Wanda : “Han, tenang. Tuhan memberi cobaan sebatas kemampuan hamba-Nya .”
Hanum : “doakan aku bisa atasi ini ya.”
Wanda : “selalu Han. Masing-masing manusia punya kelebihan dan kekurangan yang harus
selalu disyukuri. Bagaimanapun kamu harus bersyukur dipercaya tuhan untuk
mengandung, melahirkan, merawat bintang. Kamu sempurna sebagai perempuan.
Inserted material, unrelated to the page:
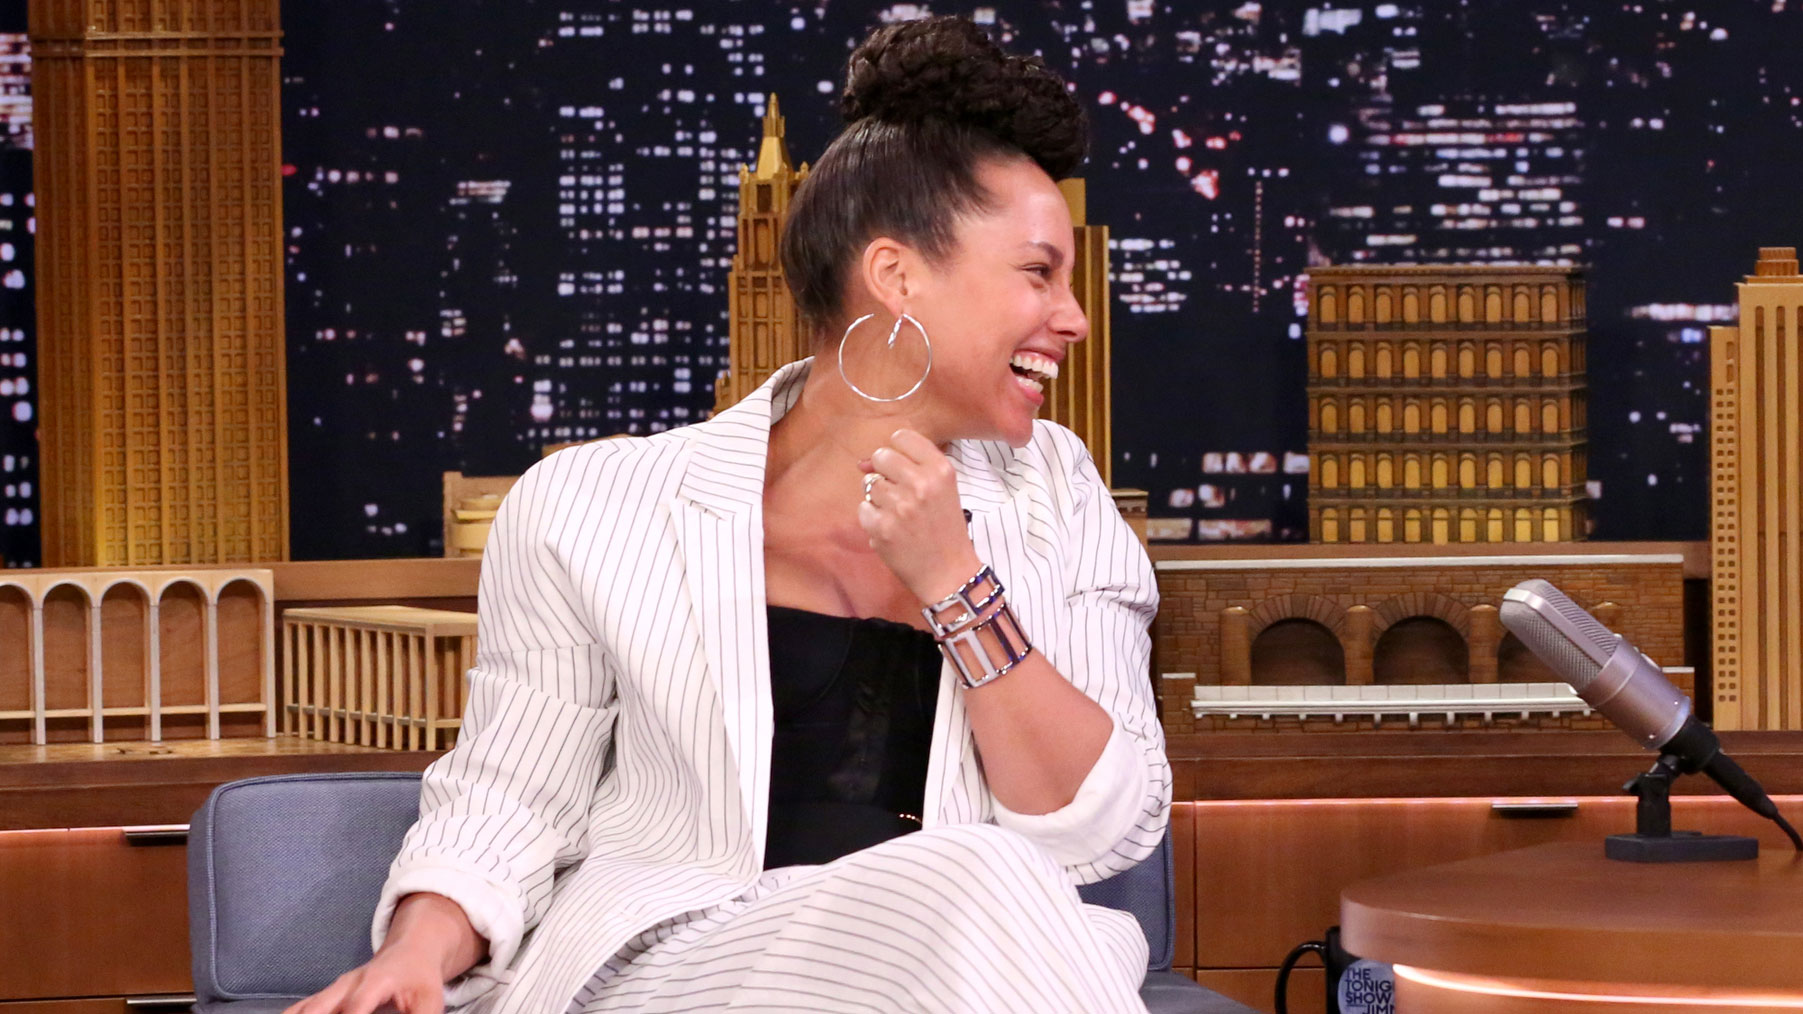 Alicia Keys' Son Produces Beats for Kendrick Lamar - The Tonight Show Nbc

Sedangkan aku? Selain urusan bobot, bibit, bebet yang menyakitkan. Aku memutuskan
tidak menikah karena jelas rahimku sudah diangkat. Mana ada lelaki yang menikah tapi
jelas-jelas tak punya harapan kecil bisa mendapatkan anak dariku?”
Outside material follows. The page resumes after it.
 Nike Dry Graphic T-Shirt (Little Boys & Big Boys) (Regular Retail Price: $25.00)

Hanum : “yah aku begitu bersyukur atas itu. Semoga aku bias menjadi ibu yang baik bagi
bintang, meskipun mungkin dulu aku bukan istri yang baik bagi agung. Bintang segalanya
bagiku. Bagaimanapun agung tetap ayah bintang. Aku benar-benar tidak menyangka
akan begini.”
Wanda : “sudah, semua telah berlalu.”
“Yang penting sekarang bagaimana kamu bias merawat bintang dengan baik. Sementara
sebagai single fighter nggak papa. Toh ada aku. Kalau kamu ada apa-apa, aku siap bantu
kamu.”
Hanum : “terima kasih. Kamu sahabat terbaikku.”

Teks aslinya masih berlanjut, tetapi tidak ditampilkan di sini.